On 7 June NMC released arcing, stilling, bending, gathering – a portrait of Lisa Illean’s music featuring orchestral, ensemble and chamber works by the Australian composer. The four pieces on the disc are performed by Aura Go, the Australian National Academy of Music, the Sydney Symphony Orchestra with David Robertson, GBSR Duo, David Zucchi, Michael Acker of the Experimentalstudio des SWR, Juliet Fraser, and Explore Ensemble. Listen to arcing, stilling, bending, gathering here.

arcing, stilling, bending, gathering – a 19-minute piece for 12 strings, piano, and pre-recorded sounds (by Tilman Robinson) – opens sparsely and quietly. Glacial chords and floating tapestries of sound mingle, with a constantly shifting sense of focus. The ensemble of 12 strings is arranged into three string quartets: two use the standard lineup, but the third consists of double bass and violins/viola that use unique non-tempered tunings. Likewise, Illean calls the pianist to strum the open strings of a scordatura guitar. 

A film exploring the creation of the piece, with contributions from Illean, is available to watch here. It is partly inspired by Illean’s recollection of two films by Sergei Eisenstein, in which fleeting reflections appear on shop windows; Illean’s music elaborates these ideas of superimposed transparent layers that shift, blur and transform.

Land’s End for chamber orchestra received its first performance in 2016 from the Sydney Symphony Orchestra, conducted by David Robertson. The 11-minute piece is inspired by the drawings of Vija Celmins, Illean has said, “…particularly those that use the ocean surface as the framework for an exploration in mark-making with incremental grades of graphite. In such work, surfaces act as forms through which subtle change can be perceived and felt.”

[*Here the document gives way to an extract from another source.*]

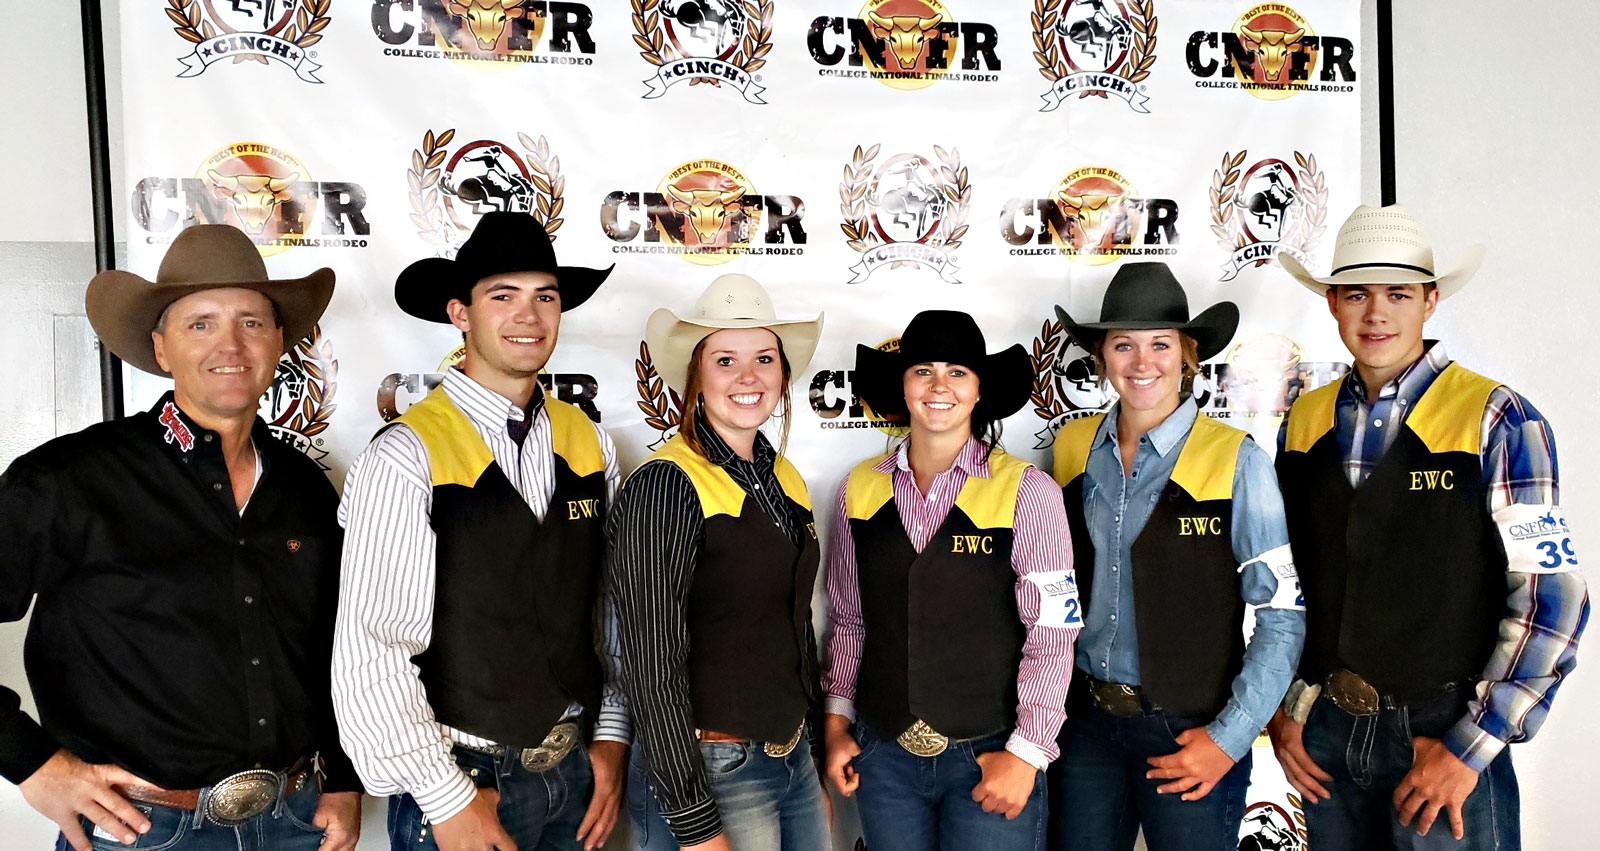 The Eastern Wyoming College Lancer rodeo students who qualified for the College National Finals Rodeo in Casper

Tiding II (silentium) was premiered in 2021 by Trio Accanto and the SWR Experimental Studio at the Donaueschinger Musiktage. The 17-minute work is part of a series exploring elemental patterns. Like its predecessor Tiding (2021) for solo electric guitar, recently recorded by Yaron Deutsch – it is also inspired by the work of artist Christiane Baumgartner – in particular her 2013 woodcut Deep Water.

“To my mind” Illean writes, “sheets of electronic sound and sustained tones resemble the revolving light from a lighthouse raking the ocean’s surface…Interwoven layers surface and recede in a delicate balance. Transience – in both the production and perception of sound – has always moved me.” It received its UK premiere at Huddersfield Contemporary Music Festival in November 2023 from GBSR Duo and David Zucchi, who recorded the piece for this release.

A through-grown earth is a five-part setting of Gerard Manley Hopkins for soprano and ensemble. The 15-minute work takes as its prompt the observed patterns of tapestry in the natural world — foliations in wood or stone, or the ‘lashtender combs’ of ash trees — that occur frequently Hopkins’ poems. Pre-recorded sounds – created from recordings of retuned zithers — are interwoven with lines for voice, bass flute, clarinet, violin, viola, and cello; the recorded version received its world premiere in November 2022 from Fraser and Explore Ensemble at Kings Place.

The Arts Desk praised Illean’s “exquisite” music:

…if you’re not drawn in after a few minutes of Illean’s arcing, stilling, bending, gathering, you’ve no soul. It’s extraordinary stuff, four movements scored for piano, solo violin, electronics and a chamber ensemble split into four separate groups…the music’s different layers variously, slowly overlap and occlude one another. Repeated listening throws up a wealth of colour and detail, my favourite being a spellbinding harp entry…Land’s End comes as an intoxicating jolt…Illean’s colours are brighter and more clearly defined here, though the voice is recognisably the same. As with the other works, the recording has incredible presence. Dissonant wind chords suggest bird calls, heard against seismic basso rumblings and eerie string chords. It’s all compelling, and already on my provisional ‘best of 2024’ list.

The album was selected by Bandcamp for the ‘best contemporary classical music’ roundup for June 2024.

Illean has a striking feel for the elusive, writing music that’s not so much between states as finding exacting clarity in details that initially escape our notice…On the title piece the piano and the violin float and ripple through delicate sheets of wavering, unstable sonic gauze…Its title suggests different motions that distinguish all of the attractively elusive sounds featured here. A similar effect is presented on “Tiding II”…patiently unfolding constellations of sound and texture, like objects moving through a gravity-free atmosphere. Melodic fragments, harmonic swells, and rhythmic drift seem to cycle through the pieces randomly, but there’s a sharp design inside Illean’s writing that makes it all feel like natural phenomenon.